2009 North Carolina Code
Chapter 55 - North Carolina Business Corporation Act.
§ 55-13-02. Right to dissent.

§ 55‑13‑02.  Right to dissent.

(a)        In addition to any rights granted under Article 9, a shareholder is entitled to dissent from, and obtain payment of the fair value of his shares in the event of, any of the following corporate actions:

(1)        Consummation of a plan of merger to which the corporation (other than a parent corporation in a merger whose shares are not affected under G.S. 55‑11‑04) is a party unless (i) approval by the shareholders of that corporation is not required under G.S. 55‑11‑03(g) or (ii) such shares are then redeemable by the corporation at a price not greater than the cash to be received in exchange for such shares;

(2)        Consummation of a plan of share exchange to which the corporation is a party as the corporation whose shares will be acquired, unless such shares are then redeemable by the corporation at a price not greater than the cash to be received in exchange for such shares;

(2a)      Consummation of a plan of conversion pursuant to Part 2 of Article 11A of this Chapter;

(3)        Consummation of a sale or exchange of all, or substantially all, of the property of the corporation other than as permitted by G.S. 55‑12‑01, including a sale in dissolution, but not including a sale pursuant to court order or a sale pursuant to a plan by which all or substantially all of the net proceeds of the sale will be distributed in cash to the shareholders within one year after the date of sale;

(4)        An amendment of the articles of incorporation that materially and adversely affects rights in respect of a dissenter's shares because it (i) alters or abolishes a preferential right of the shares; (ii) creates, alters, or abolishes a right in respect of redemption, including a provision respecting a sinking fund for the redemption or repurchase, of the shares; (iii) alters or abolishes a preemptive right of the holder of the shares to acquire shares or other securities; (iv) excludes or limits the right of the shares to vote on any matter, or to cumulate votes, other than an amendment of the articles of incorporation permitting action without meeting to be taken by less than all shareholders entitled to vote, without advance notice, or both, as provided in G.S. 55‑7‑04; (v) reduces the number of shares owned by the shareholder to a fraction of a share if the fractional share so created is to be acquired for cash under G.S. 55‑6‑04; or (vi) changes the corporation into a nonprofit corporation or cooperative organization; or

(5)        Any corporate action taken pursuant to a shareholder vote to the extent the articles of incorporation, bylaws, or a resolution of the board of directors provides that voting or nonvoting shareholders are entitled to dissent and obtain payment for their shares.
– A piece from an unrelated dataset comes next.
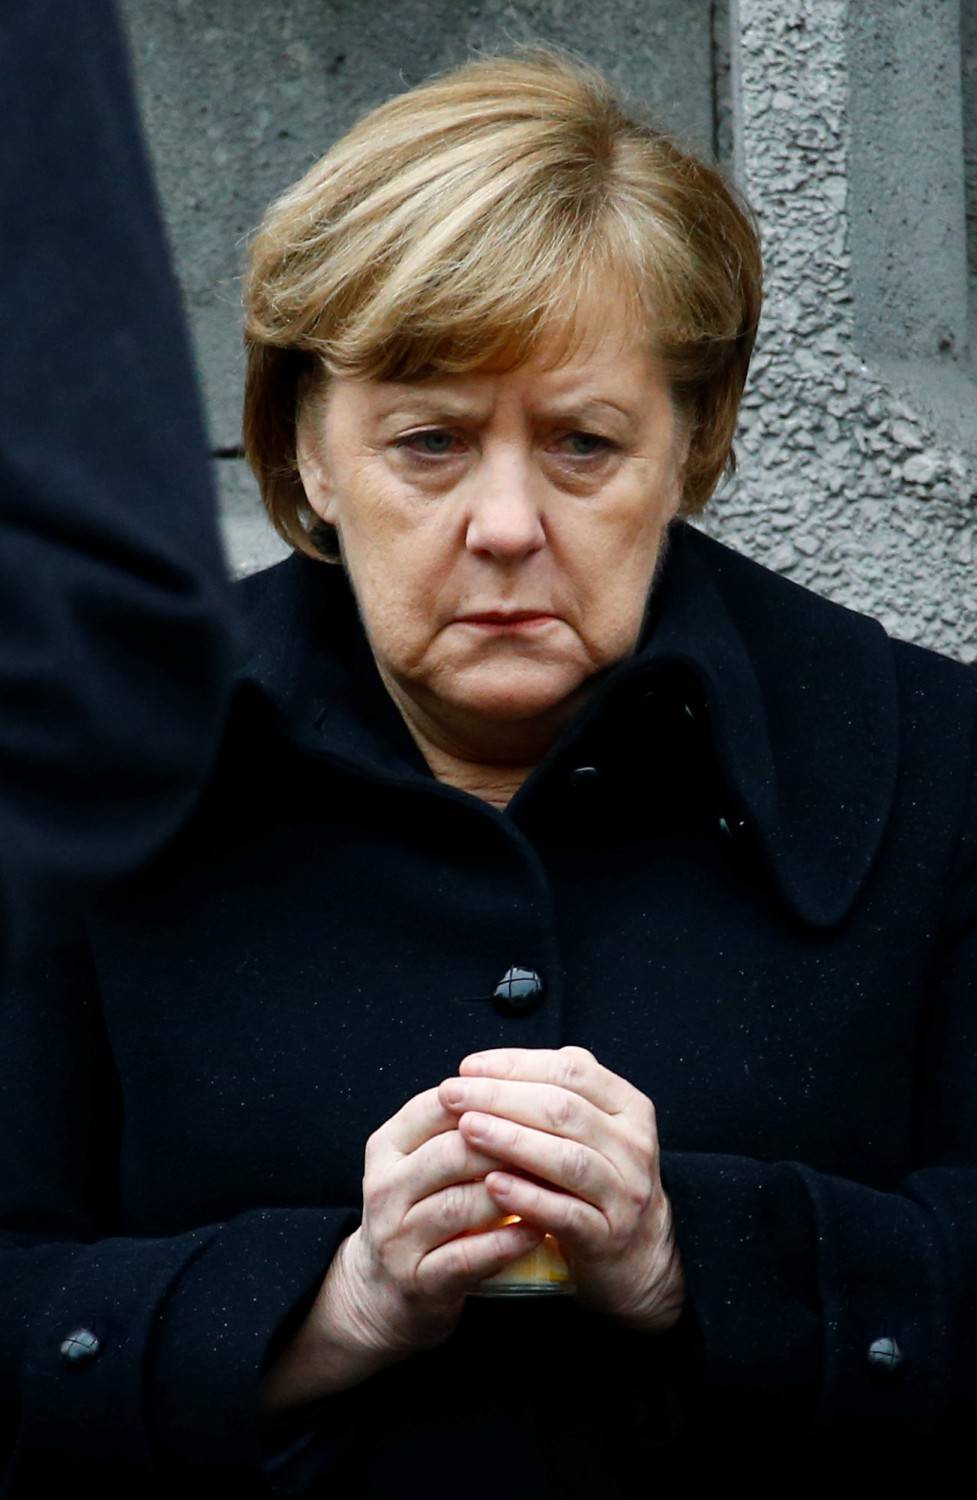 Il neo ministro imbarazza la Merkel: "L'islam non è parte del Paese"

(b)        A shareholder entitled to dissent and obtain payment for his shares under this Article may not challenge the corporate action creating his entitlement, including without limitation a merger solely or partly in exchange for cash or other property, unless the action is unlawful or fraudulent with respect to the shareholder or the corporation.
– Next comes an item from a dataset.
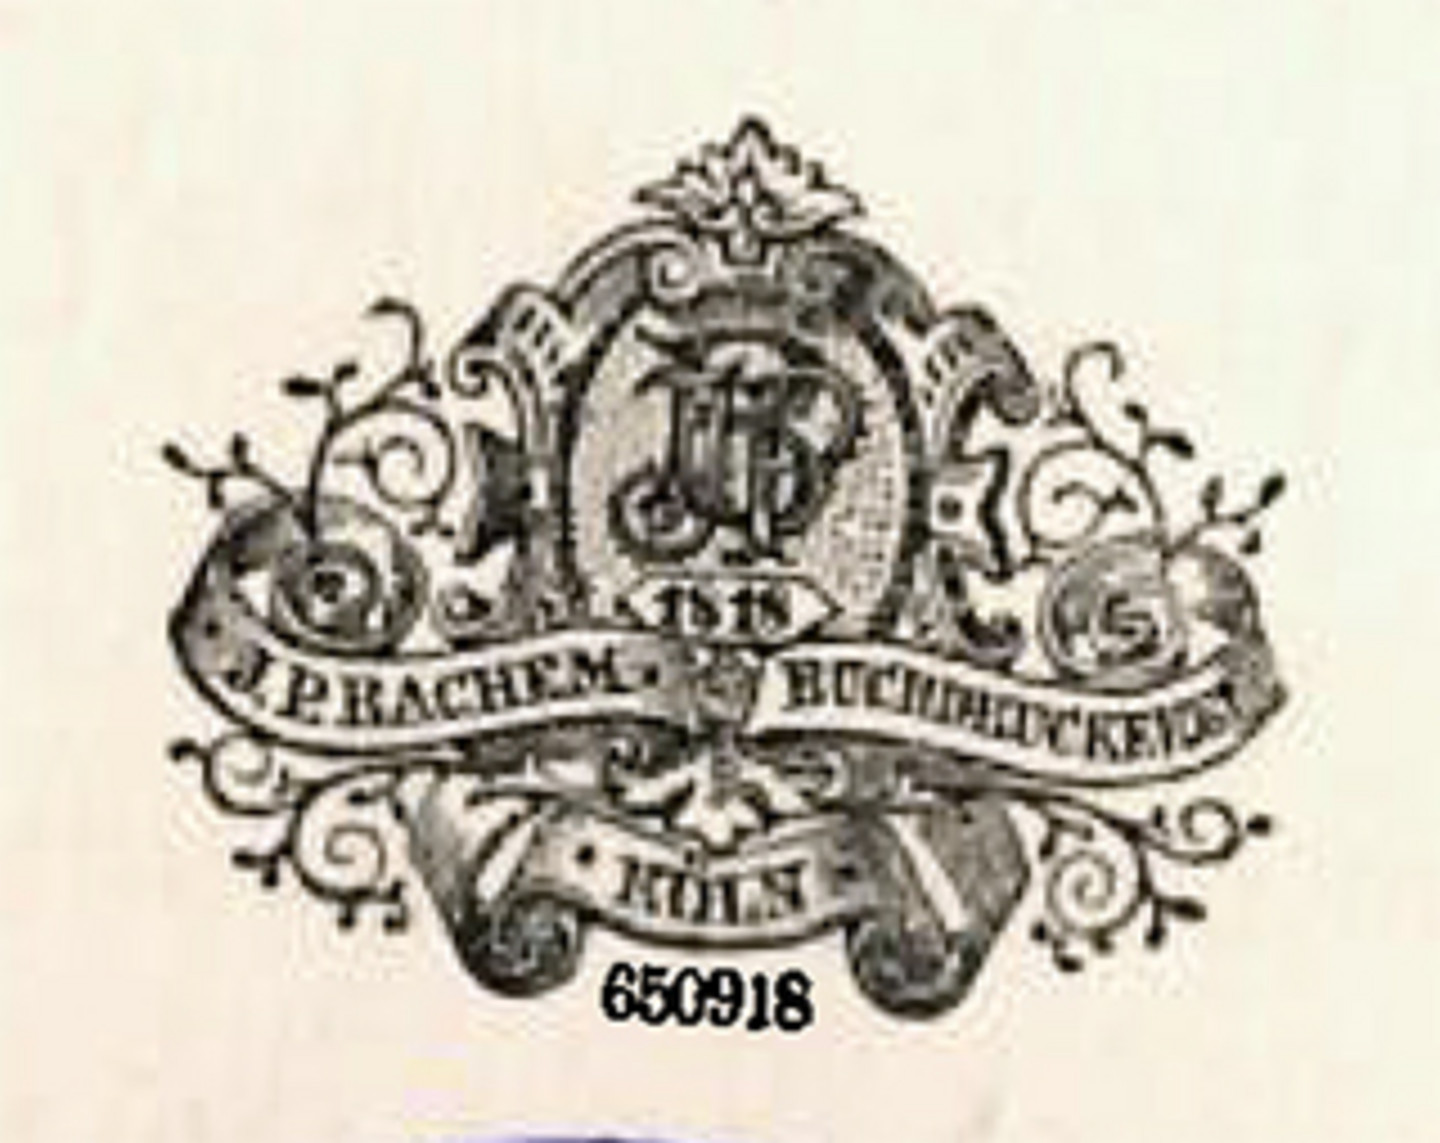 Ein historisches Wappen der Bachem`schen Buchdruckerei um 1900. Es ist verziert mit blumenartigen Linien und ist mit der Jahreszahl 1818 beschriftet. Darüber sind die Initialen "JP" abgebildet.

(c)        Notwithstanding any other provision of this Article, there shall be no right of shareholders to dissent from, or obtain payment of the fair value of the shares in the event of, the corporate actions set forth in subdivisions (1), (2), or (3) of subsection (a) of this section if the affected shares are any class or series which, at the record date fixed to determine the shareholders entitled to receive notice of and to vote at the meeting at which the plan of merger or share exchange or the sale or exchange of property is to be acted on, were (i) listed on a national securities exchange or designated as a national market system security on an interdealer quotation system by the National Association of Securities Dealers, Inc., or (ii) held by at least 2,000 record shareholders. This subsection does not apply in cases in which either:

(1)        The articles of incorporation, bylaws, or a resolution of the board of directors of the corporation issuing the shares provide otherwise; or

(2)        In the case of a plan of merger or share exchange, the holders of the class or series are required under the plan of merger or share exchange to accept for the shares anything except:

a.         Cash;

b.         Shares, or shares and cash in lieu of fractional shares of the surviving or acquiring corporation, or of any other corporation which, at the record date fixed to determine the shareholders entitled to receive notice of and vote at the meeting at which the plan of merger or share exchange is to be acted on, were either listed subject to notice of issuance on a national securities exchange or designated as a national market system security on an interdealer quotation system by the National Association of Securities Dealers, Inc., or held by at least 2,000 record shareholders; or

c.         A combination of cash and shares as set forth in sub‑subdivisions a. and b. of this subdivision. (1925, c. 77, s. 1; c. 235; 1929, c. 269; 1939, c. 279; 1943, c. 270; G.S., ss. 55‑26, 55‑167; 1955, c. 1371, s. 1; 1959, c. 1316, ss. 30, 31; 1969, c. 751, ss. 36, 39; 1973, c. 469, ss. 36, 37; c. 476, s. 193; 1989, c. 265, s. 1; 1989 (Reg. Sess., 1990), c. 1024, s. 12.18; 1991, c. 645, s. 12; 1997‑202, s. 1; 1999‑141, s. 1; 2001‑387, s. 26; 2003‑157, s. 1.)